MOTHER (STEP, FOSTER, ADOPTIVE) OR FEMALE GUARDIAN        15859477     77.13    15859477      77.13

FATHER (STEP, FOSTER, ADOPTIVE) OR MALE GUARDIAN               3500044     17.02    19359521      94.15

GRANDPARENT                                                                                 821907.6      4.00    20181429      98.15

OTHER FAMILY MEMBER/FRIEND                                                     376138.2      1.83    20557567      99.98

                                                                                                           4608.209      0.02    20562175     100.00   ******I want this value to appear as missing below and not be included in the frequency count or percent calculations.


Accepted Solutions
Solution
‎01-06-2012 08:22 AM
Super User
Super User
Posts: 7,041

Re: Using Proc format to code multiple values to missing

You will probably get better results by recoding the actual data values.  You can use special missing values to distinguish amoung 77,99 and actual missing values.

Then those values will always be considered missing by PROC FREQ (and other analysis procedures).

Here is one way to convert using an INFORMAT and two different FORMATs.
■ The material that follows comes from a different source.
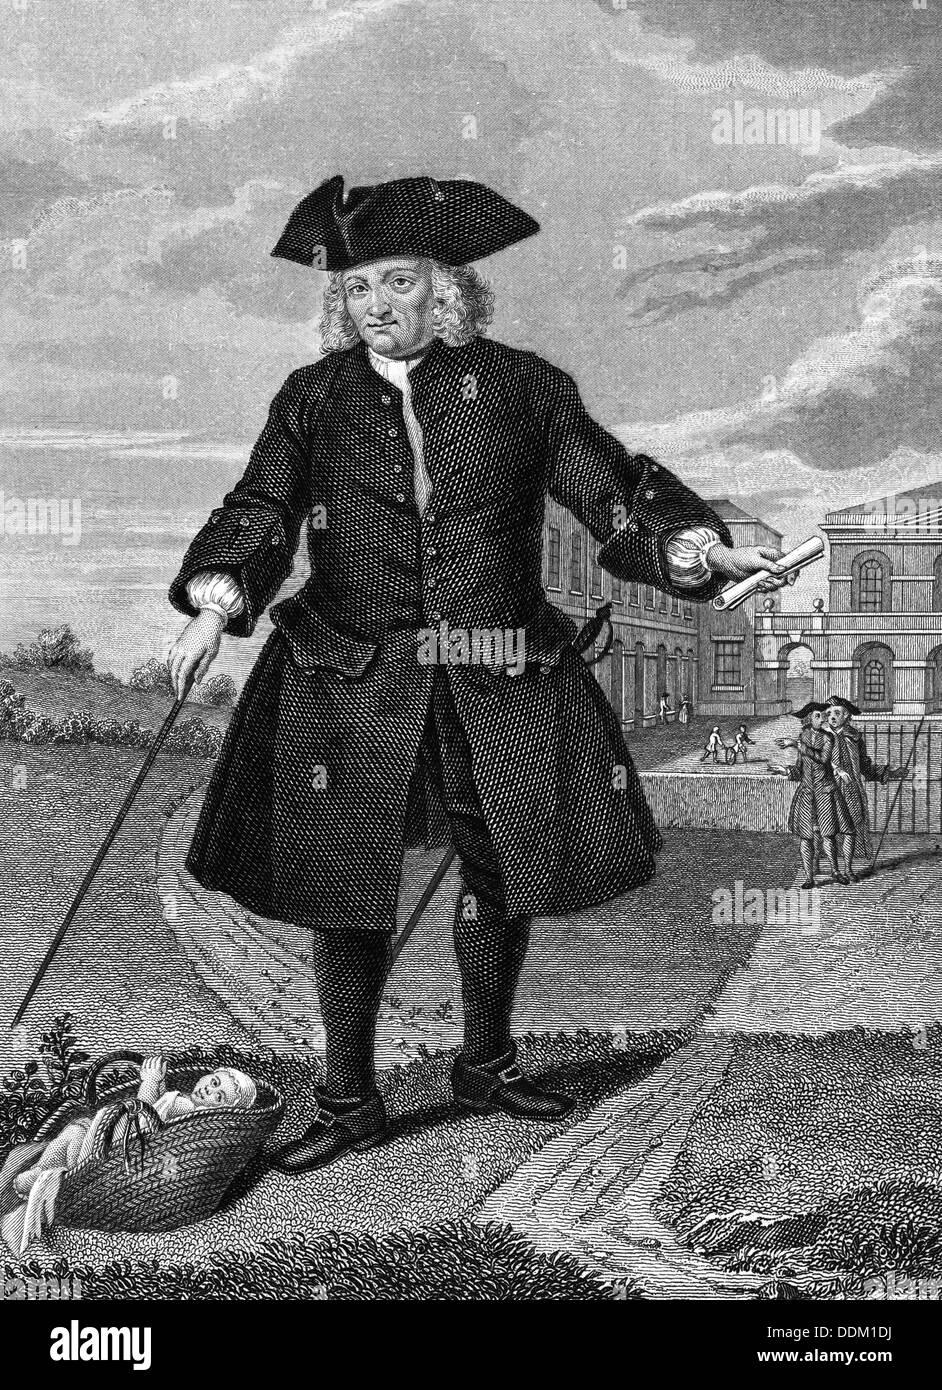 Thomas Coram outside the Foundling Hospital, London, (c1750?). - Stock Image

One that displays a decode for all of the values and other that maps the special values to blank.

proc format ;

value C5R  /* Normal reporting value decodes */

1 = "MOTHER (STEP, FOSTER, ADOPTIVE) OR FEMALE GUARDIAN"

2 = "FATHER (STEP, FOSTER, ADOPTIVE) OR MALE GUARDIAN"

3 = "GRANDPARENT"

4 = "OTHER FAMILY MEMBER/FRIEND"

77,.A = "Not Applicable"

99,.B = "Refused to answer"

.  = "Not specified"

;

value C5M /* Collapse all missing values */

.,.A,.B,77,99 = ' '

other = [C5R50.]

;

invalue c5x /* Recoding Informat */

  77=.A

  99=.B

;

run;

data want ;

  do c5=1 to 4,77,99,.;

    c5x = input(put(c5,2.),c5x.);

    output;

  end;

run;

Try using PROC FREQ will all combinations of the original variable (C5) and the recoded variable (C5X), missing option, and the C5R and C5M formats.

View solution in original post


All Replies
Super Contributor
Posts: 1,636

Using Proc format to code multiple values to missing

is this helpful?

proc format;

value C5R

. = " "

1 = "MOTHER (STEP, FOSTER, ADOPTIVE) OR FEMALE GUARDIAN"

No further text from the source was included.